→ MATERIAL PROVIDED
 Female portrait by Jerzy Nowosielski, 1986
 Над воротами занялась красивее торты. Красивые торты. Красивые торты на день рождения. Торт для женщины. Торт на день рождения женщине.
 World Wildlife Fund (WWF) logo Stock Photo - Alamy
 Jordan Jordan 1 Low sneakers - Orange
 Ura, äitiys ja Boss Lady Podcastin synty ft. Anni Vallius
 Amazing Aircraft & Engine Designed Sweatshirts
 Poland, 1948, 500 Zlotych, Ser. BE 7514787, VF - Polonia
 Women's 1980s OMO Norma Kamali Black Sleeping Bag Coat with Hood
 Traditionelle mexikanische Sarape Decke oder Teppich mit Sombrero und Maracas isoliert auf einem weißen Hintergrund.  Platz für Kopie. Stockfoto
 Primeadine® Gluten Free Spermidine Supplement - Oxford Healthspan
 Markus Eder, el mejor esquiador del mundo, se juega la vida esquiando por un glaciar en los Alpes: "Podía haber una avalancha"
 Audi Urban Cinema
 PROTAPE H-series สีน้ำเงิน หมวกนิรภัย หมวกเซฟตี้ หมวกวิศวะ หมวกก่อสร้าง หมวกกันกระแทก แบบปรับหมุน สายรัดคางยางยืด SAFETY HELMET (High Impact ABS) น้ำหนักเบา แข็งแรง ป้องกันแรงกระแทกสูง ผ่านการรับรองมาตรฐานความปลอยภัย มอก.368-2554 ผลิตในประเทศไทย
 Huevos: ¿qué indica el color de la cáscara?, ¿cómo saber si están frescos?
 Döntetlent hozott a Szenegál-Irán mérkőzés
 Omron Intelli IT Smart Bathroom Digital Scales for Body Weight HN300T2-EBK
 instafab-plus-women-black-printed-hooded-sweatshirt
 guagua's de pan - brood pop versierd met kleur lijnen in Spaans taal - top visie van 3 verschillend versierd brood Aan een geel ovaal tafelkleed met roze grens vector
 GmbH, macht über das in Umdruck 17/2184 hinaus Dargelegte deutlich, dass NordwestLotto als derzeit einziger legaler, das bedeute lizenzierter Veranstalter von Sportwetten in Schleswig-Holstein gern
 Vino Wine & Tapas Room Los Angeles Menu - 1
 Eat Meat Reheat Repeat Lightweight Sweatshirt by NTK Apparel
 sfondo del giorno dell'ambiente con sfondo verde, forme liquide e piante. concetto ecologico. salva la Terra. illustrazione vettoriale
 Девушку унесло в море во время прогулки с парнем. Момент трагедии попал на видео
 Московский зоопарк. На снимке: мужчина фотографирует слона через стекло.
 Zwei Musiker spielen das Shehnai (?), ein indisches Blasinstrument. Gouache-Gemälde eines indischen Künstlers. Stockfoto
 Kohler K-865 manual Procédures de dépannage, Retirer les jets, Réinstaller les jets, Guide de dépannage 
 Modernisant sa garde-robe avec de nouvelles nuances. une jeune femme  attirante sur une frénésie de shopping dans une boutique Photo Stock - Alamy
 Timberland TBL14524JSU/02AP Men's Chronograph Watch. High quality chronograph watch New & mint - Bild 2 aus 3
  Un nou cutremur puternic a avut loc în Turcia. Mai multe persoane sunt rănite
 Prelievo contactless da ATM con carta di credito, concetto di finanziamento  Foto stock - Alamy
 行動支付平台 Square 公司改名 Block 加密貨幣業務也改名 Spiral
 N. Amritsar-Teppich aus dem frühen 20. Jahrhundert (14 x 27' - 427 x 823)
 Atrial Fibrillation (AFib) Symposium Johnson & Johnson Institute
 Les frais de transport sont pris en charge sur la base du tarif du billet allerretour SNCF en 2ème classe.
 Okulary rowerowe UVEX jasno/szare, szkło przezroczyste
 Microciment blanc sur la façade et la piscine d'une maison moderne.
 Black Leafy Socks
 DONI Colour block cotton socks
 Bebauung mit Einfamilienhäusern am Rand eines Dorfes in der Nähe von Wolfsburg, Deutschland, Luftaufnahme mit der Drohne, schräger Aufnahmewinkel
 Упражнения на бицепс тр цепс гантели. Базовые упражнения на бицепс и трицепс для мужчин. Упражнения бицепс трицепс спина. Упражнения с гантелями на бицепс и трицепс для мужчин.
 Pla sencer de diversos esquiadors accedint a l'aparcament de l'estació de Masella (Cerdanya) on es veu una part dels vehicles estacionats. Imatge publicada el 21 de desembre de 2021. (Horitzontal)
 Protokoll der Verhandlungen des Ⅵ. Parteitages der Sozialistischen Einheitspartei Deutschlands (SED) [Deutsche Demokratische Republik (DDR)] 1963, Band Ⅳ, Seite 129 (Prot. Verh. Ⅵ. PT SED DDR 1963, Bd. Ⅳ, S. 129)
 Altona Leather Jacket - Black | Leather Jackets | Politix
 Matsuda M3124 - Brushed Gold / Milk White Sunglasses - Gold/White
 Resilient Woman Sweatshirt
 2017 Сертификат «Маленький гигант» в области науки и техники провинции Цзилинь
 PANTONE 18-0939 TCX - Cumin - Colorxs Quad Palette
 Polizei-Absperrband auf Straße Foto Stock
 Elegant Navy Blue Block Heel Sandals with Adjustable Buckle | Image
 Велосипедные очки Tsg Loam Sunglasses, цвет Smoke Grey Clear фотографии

→ YOUR TASK
From the line that has "Döntetlent hozott a Szenegál-Irán mérkőzés" through the line that has "guagua's de pan", copy every line exactly as it appears above, and leave out all others.

→ SOLUTION
 Döntetlent hozott a Szenegál-Irán mérkőzés
 Omron Intelli IT Smart Bathroom Digital Scales for Body Weight HN300T2-EBK
 instafab-plus-women-black-printed-hooded-sweatshirt
 guagua's de pan - brood pop versierd met kleur lijnen in Spaans taal - top visie van 3 verschillend versierd brood Aan een geel ovaal tafelkleed met roze grens vector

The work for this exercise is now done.